As we approach the edge of the stadium, tour buses are vomiting groups of camera-clutching daytrippers. Must be the right spot. The stadium is built like a paper clip: rounded top and flat bottom. It holds 50,000 people and its marble seats once were wood. For whatever reason the stadium is closed off, so we all have to lean over the railings, snapping our photos. This makes it hard to get the best shots, but on the other hand there aren't crowds of people in my photos either.

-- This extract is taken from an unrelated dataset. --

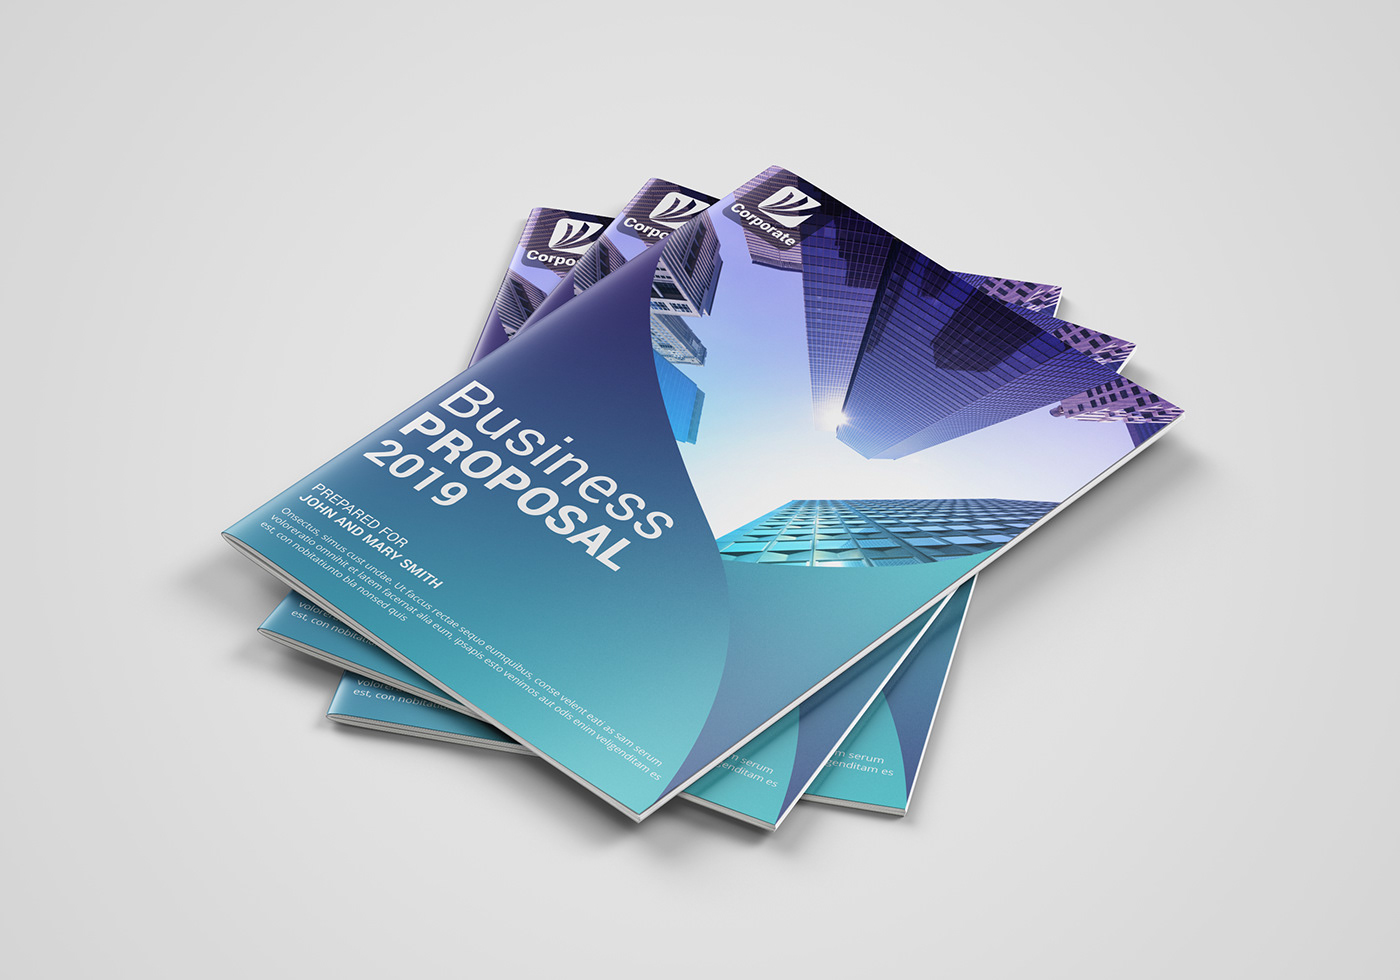 Proposal Business Proposal bifold brochure brochure print template Product Catalog catalog Booklet modern a4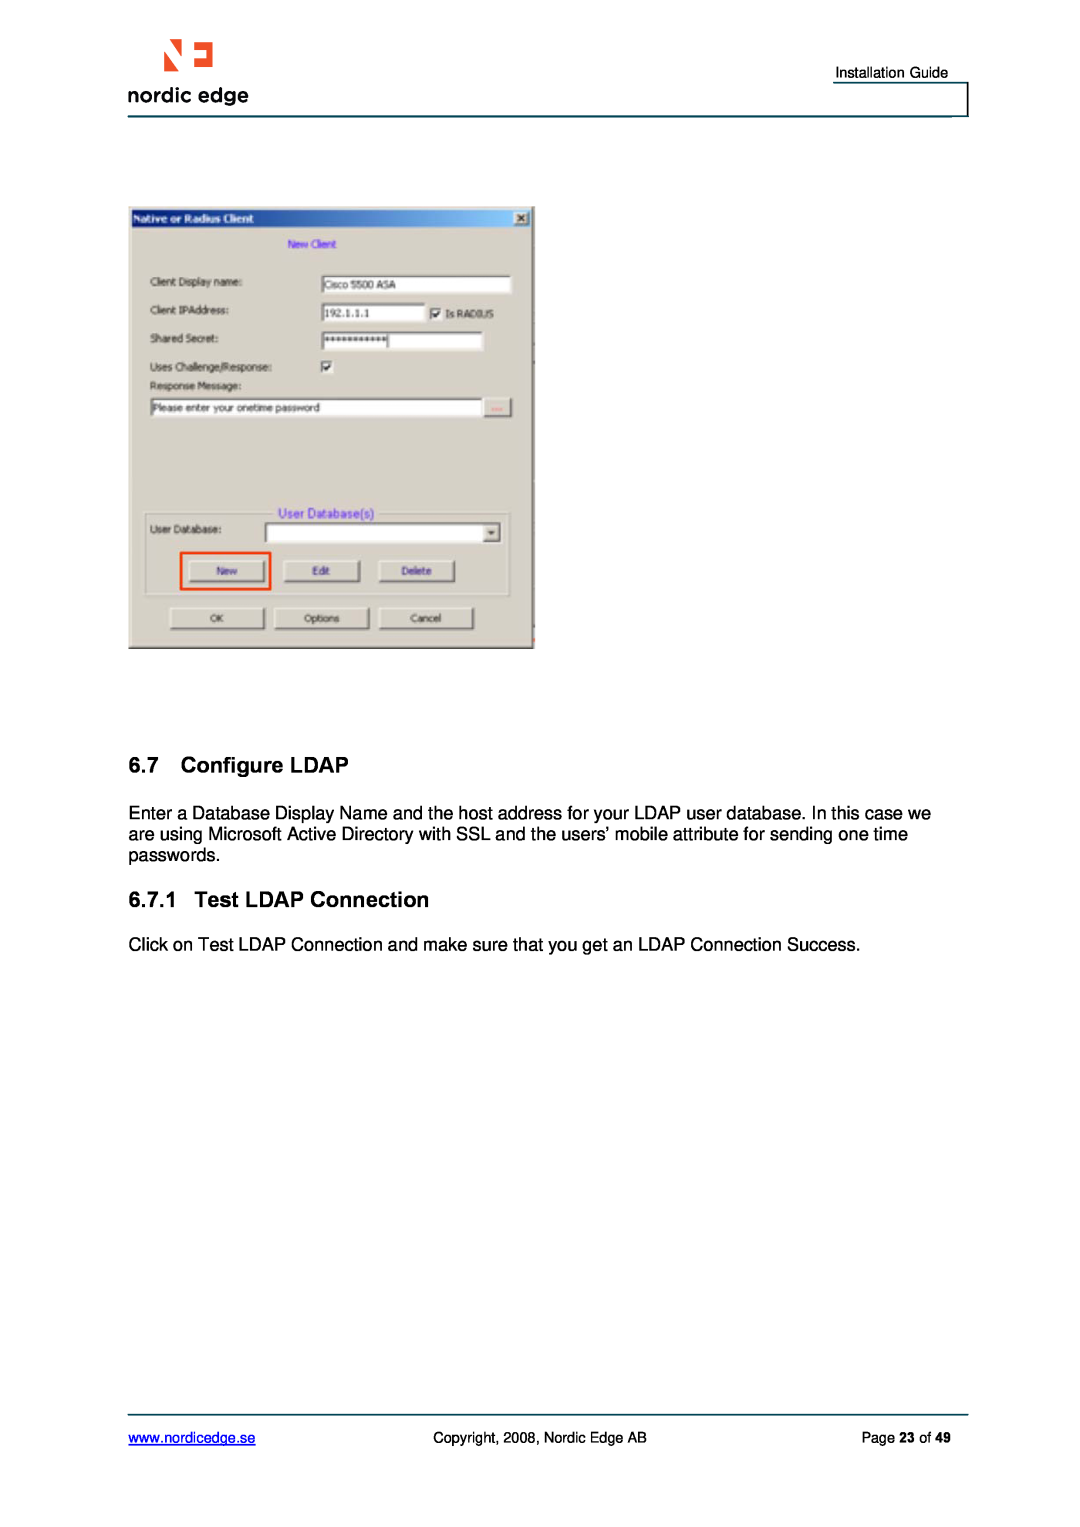 Cisco Systems ASA 5500 manual 6.7Configure LDAP, Test LDAP Connection, Page 23 of

Panathinaikos Stadium, Athens, Greece
Panathinaikos Stadium, Athens, Greece

We cross the street, walk through a park. head for the remains of the Temple of Dr Seuss. No, wait a minute, that's Olympian Zeus.The line of parked tour buses tells us we are close. Once again the site is fenced and we are kept back from the handful of columns which still stand. On the southern edge of the complex is a toppled column, looking like a collapsed pile of gears.

Temple of the Olympian Zeus, Athens, Greece
Temple of the Olympian Zeus, Athens, Greece

I do not know if this temple should be characterized as an ancient success story. The Athenians originally intended to build the largest temple in the world to honor Zeus. Construction began in the 6th century BC, and it was still unfinished when the Romans conquered Greece. The Romans opted to get sucked into this building boondoggle, and finally, during the reign of the Emperor Hadrian (AD 117-138), the temple was completed. It took more than 700 years to build the temple. In 267, northern tribes sacked the city and damaged the temple. Shortly thereafter, the site was turned into a marble quarry, as Athenian builders hauled away stones for local construction projects.

Temple of the Olympian Zeus, Athens, Greece
Temple of the Olympian Zeus, Athens, Greece

In the history of urban development, the temple does not belong in the Notable Civic Projects Hall of Fame. Nevertheless, it is fascinating to stare at the ruins of the ancient columns and ponder the glory that might have been.

Hadrian's Triumphal Arch, Athens, Greece
Hadrian's Triumphal Arch, Athens, Greece

The skeleton of a triumphal arch, erected in honor of Emperor Hadrian, stands outside the fences of the Temple of the Olympian Zeus. Its worn stone pillars frame the Acropolis on it hill. But that is tomorrow's challenge. Having expended a great deal of energy hiking through the center of town, and already sleepy from a all-night ferry ride, the Euro2008 Team is ready to eat and put our feet up for the night.